Ehegatten bildeten in der Regel eine
Erwerbs- und Verbrauchsgemeinschaft. Der Gesetzgeber gehe in §
1360 des Bürgerlichen Gesetzbuchs (BGB) von einer gleichen
Teilhabe der Eheleute am Einkommen aus und wolle diese - wie §
26 Abs. 3 EStG zeige - regelmäßig zusammen veranlagen.
Die Zusammenveranlagung sei auch nach den Ausführungen des
Bundesverfassungsgerichts im Urteil vom 3.11.1982 1 BvR 620/78 u.a.
(BVerfGE 61, 319, BGBl I 1982, 1594, BStBl II 1982, 717 = SIS 82 22 02) geboten, da sie dem Grundsatz der Gleichwertigkeit der Arbeit
von Mann und Frau entspreche, wonach das während der Ehe
Erworbene gemeinschaftlich erwirtschaftet sei.

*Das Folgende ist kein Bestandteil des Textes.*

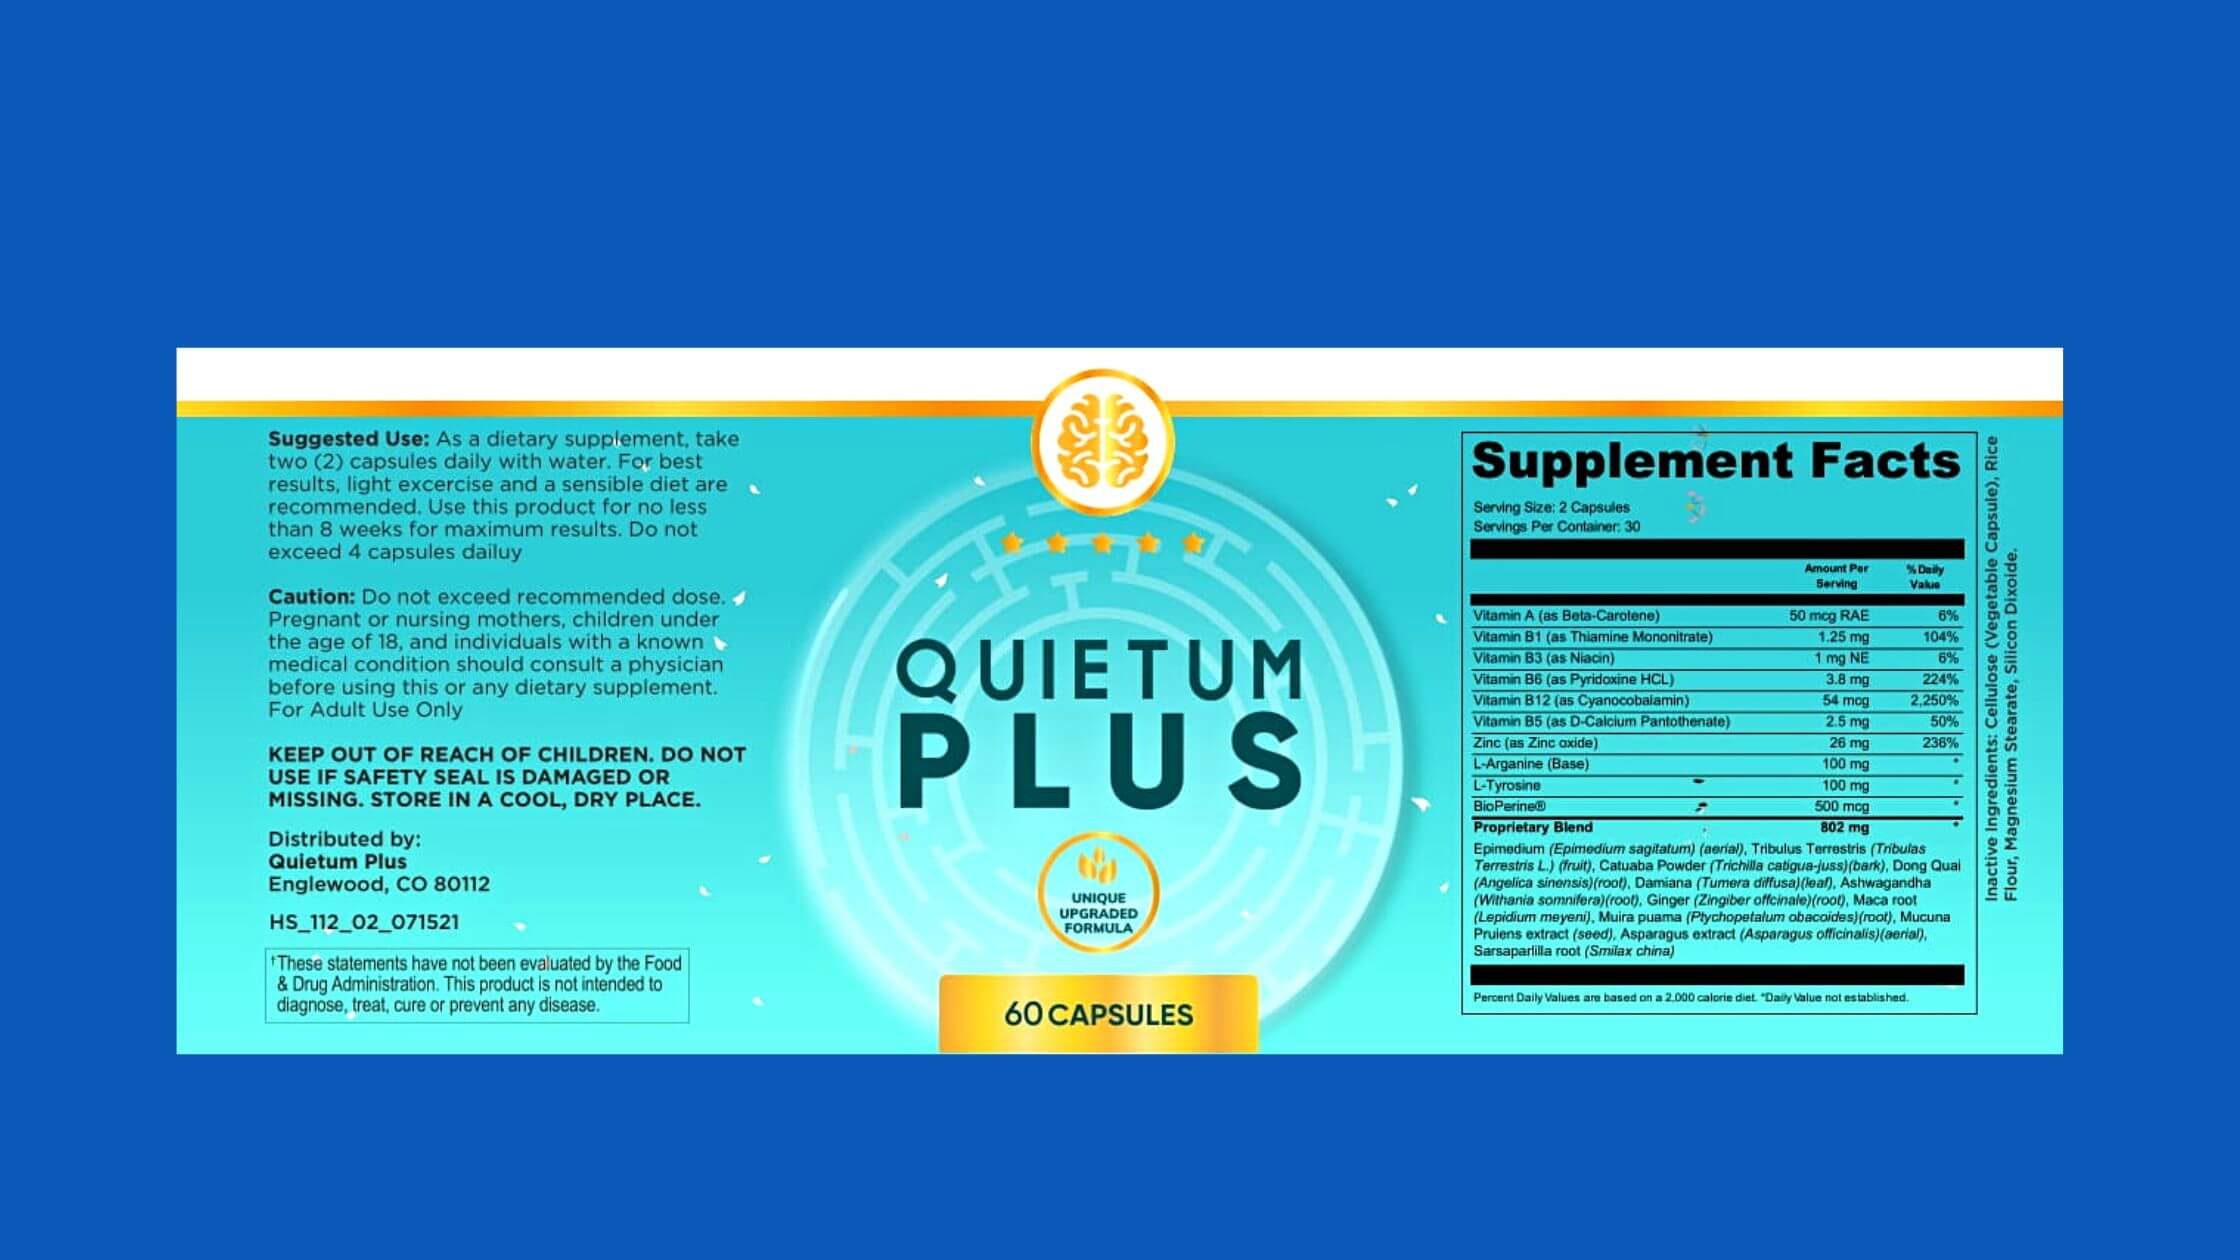 Quietum Plus Suplement Label

Das Veranlagungswahlrecht könne nur
höchstpersönlich ausgeübt werden und sei nicht
vererblich. Auf die Ermittlung etwaiger Erben komme es daher nicht
an. Die Ausschlagung der Erbschaft durch sie - die Klägerin -
könne nicht als Versagung der Zustimmung zur
Zusammenveranlagung verstanden werden. Sollte der Fiskus Erbe
werden, so könne auch er nicht die getrennte Veranlagung
wählen, da ihr - der Klägerin - ein familienrechtlicher
Anspruch gegen den anderen Ehegatten bzw. dessen Erben zustehe, der
Zusammenveranlagung zuzustimmen, wenn diese zur geringsten
Steuerbelastung führe und keinem der Ehegatten ein
steuerlicher Nachteil entstehe oder dieser zivilrechtlich
ausgeglichen werde. Angesichts der Überschuldung des
Nachlasses sei es ausgeschlossen, dass sich ein Erbe finde, der die
Erbschaft nicht ausschlage. Der Fiskus könne als Erbe kein
Interesse an einer getrennten Veranlagung haben, da ein
Verlustabzug ihm nichts nutze. Da der Erbe nach dem Urteil des
Bundesfinanzhofs (BFH) vom 3.3.2005 III R 22/02 (BFHE 209, 454,
BStBl II 2005, 690 = SIS 05 31 25) auch nach Bestandskraft des
Zusammenveranlagungsbescheides die getrennte Veranlagung beantragen
könne, sei er hinreichend geschützt. Deshalb
überwiege ihr Interesse an einer sofortigen
Zusammenveranlagung.
Der sich aus der Zusammenveranlagung
ergebende Erstattungsbetrag stehe ihr - der Klägerin - zu. Die
zusammen veranlagten Eheleute seien gemäß § 26b
EStG materiell-rechtlich und verfahrensrechtlich als ein
Steuerpflichtiger zu behandeln. Jede Steuerzahlung, auch der
Lohnsteuerabzug, werde für die Ehegatten als Gesamtschuldner
geleistet. Erstattungsberechtigt sei nach dem BFH-Urteil vom
15.11.2005 VII R 16/05 (BFHE 211, 396, BStBl II 2006, 453 = SIS 06 08 89) deshalb allein sie als Gesamtgläubigerin. Ein
möglicher Erbe habe zivilrechtlich gegen sie
vorzugehen.
Das FA gehe mit einer Auszahlung an sie
wegen der Befreiungsvorschrift des § 36 Abs. 4 Satz 3 EStG
kein Risiko ein; dessen Wirkung trete nur dann nicht ein, wenn dem
FA bekannt sei, dass der mögliche Erbe mit der Leistung an den
anderen Ehegatten nicht einverstanden sei (Gosch in Kirchhof, EStG,
5. Aufl., § 36 Rz 55). Das FA sei weder zur zivilrechtlichen
Vertretung der Rechte eines etwaigen Erben berufen noch könne
es sich zu ihrem Nachteil auf diese Rechte berufen. Wegen der
besonderen Notlage nach dem Tode des Ehemannes sei eine umgehende
Auszahlung auch nach
Verhältnismäßigkeitsgrundsätzen, nach Treu und
Glauben und wegen des Willkür- und Übermaßverbotes
geboten.
Die Klägerin beantragt
sinngemäß,
1.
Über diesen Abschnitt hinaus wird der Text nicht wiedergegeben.